__HOW TO COMPLETE THIS TASK__
Could you set down the listing below exactly, leaving out its pictures?

__SUPPLIED DATA__
--------------------------------------------------

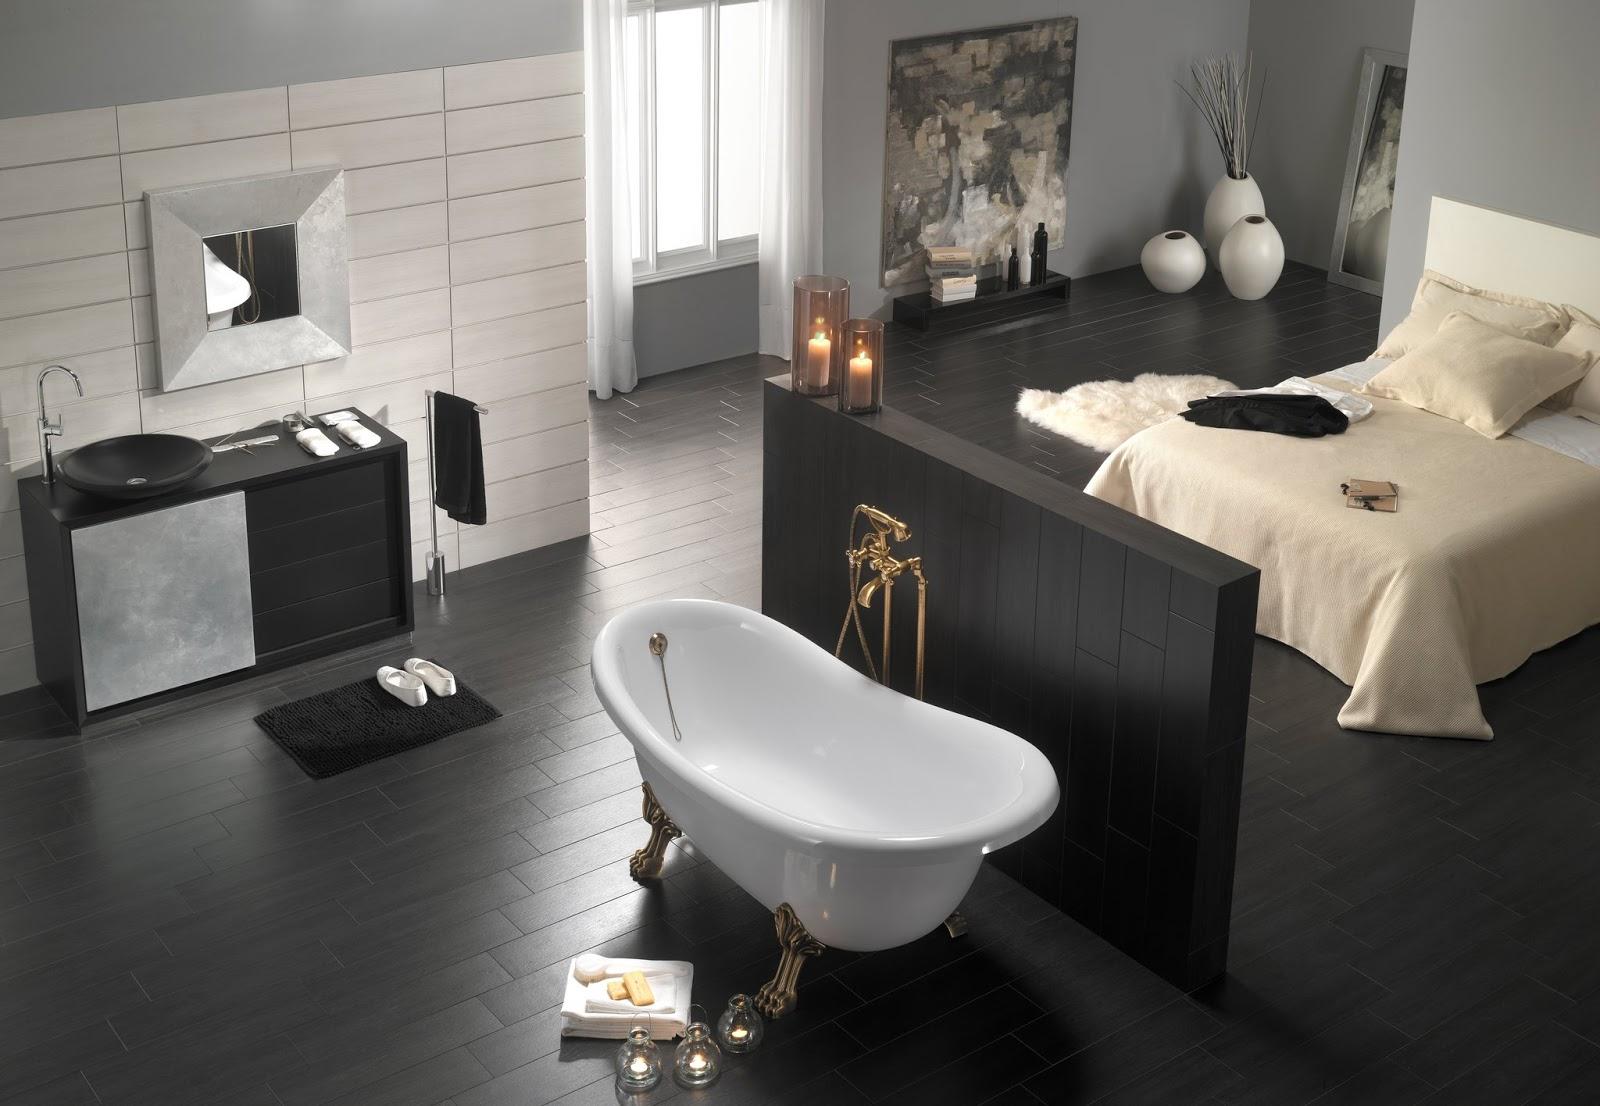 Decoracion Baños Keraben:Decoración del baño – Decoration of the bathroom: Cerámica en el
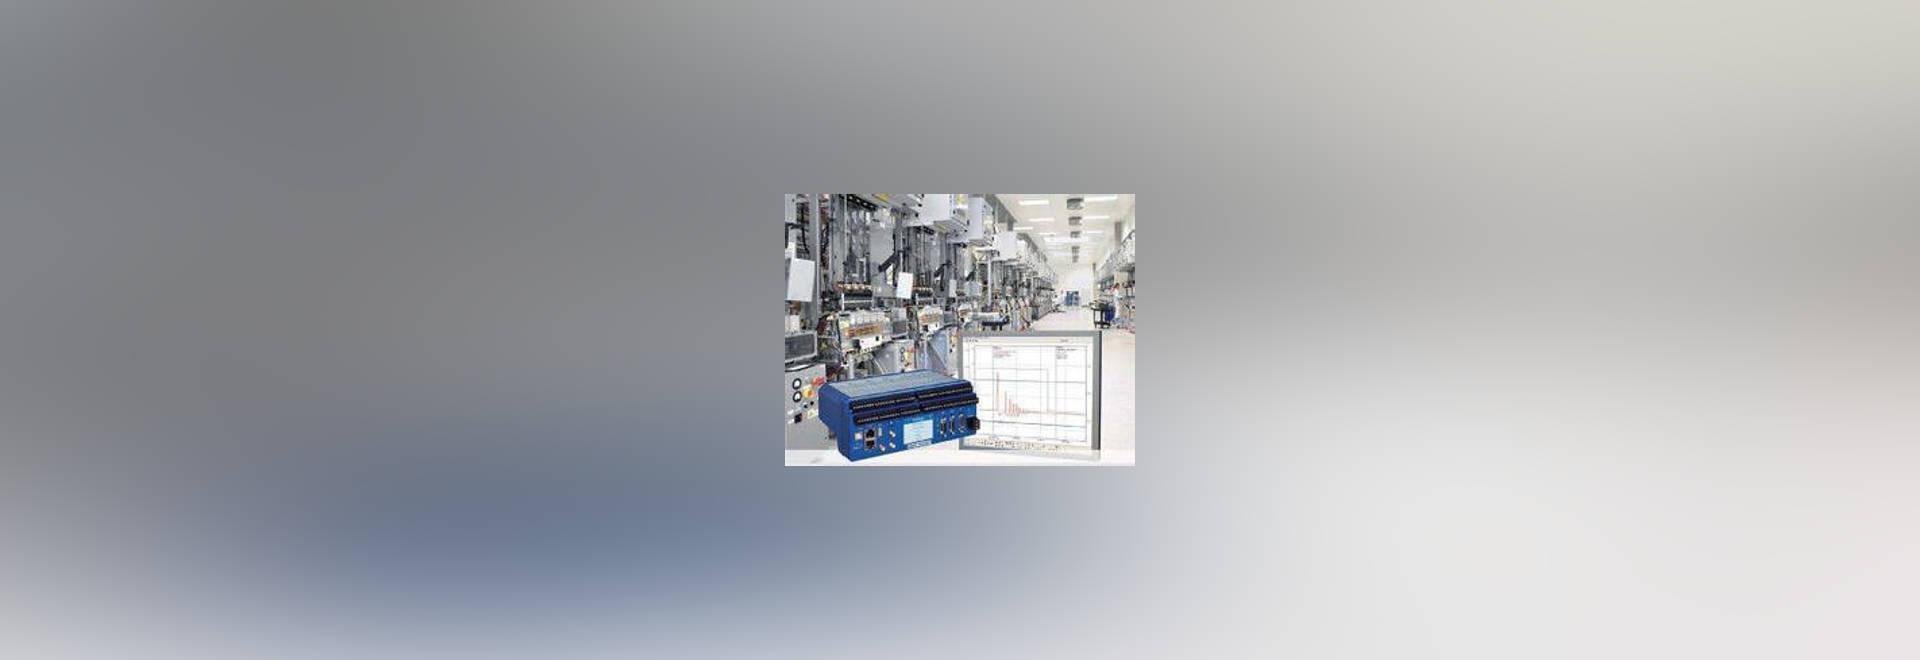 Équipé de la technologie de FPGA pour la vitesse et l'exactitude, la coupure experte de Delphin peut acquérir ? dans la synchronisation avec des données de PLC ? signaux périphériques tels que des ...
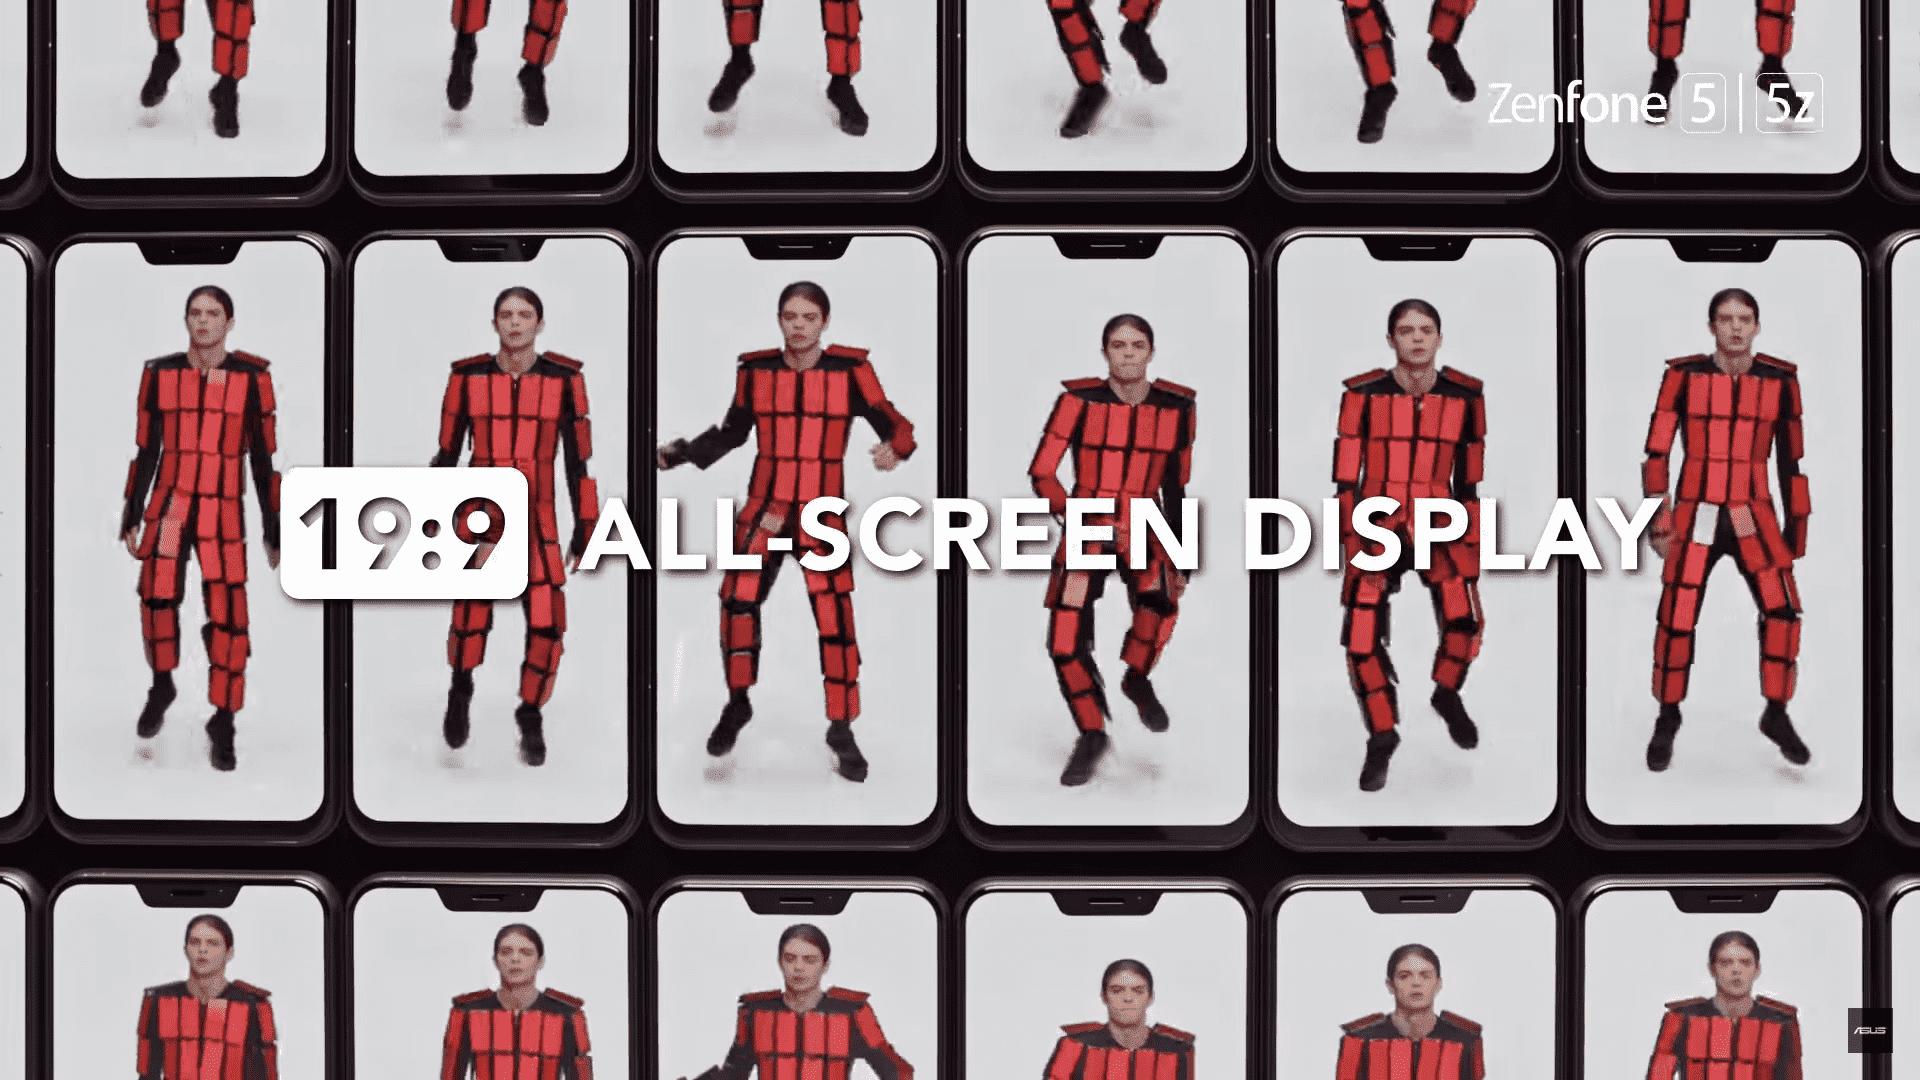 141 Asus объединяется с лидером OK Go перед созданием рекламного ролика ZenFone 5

--------------------------------------------------

__ANSWER BOX__
 Decoracion Baños Keraben:Decoración del baño – Decoration of the bathroom: Cerámica en el
 Équipé de la technologie de FPGA pour la vitesse et l'exactitude, la coupure experte de Delphin peut acquérir ? dans la synchronisation avec des données de PLC ? signaux périphériques tels que des ...
 141 Asus объединяется с лидером OK Go перед созданием рекламного ролика ZenFone 5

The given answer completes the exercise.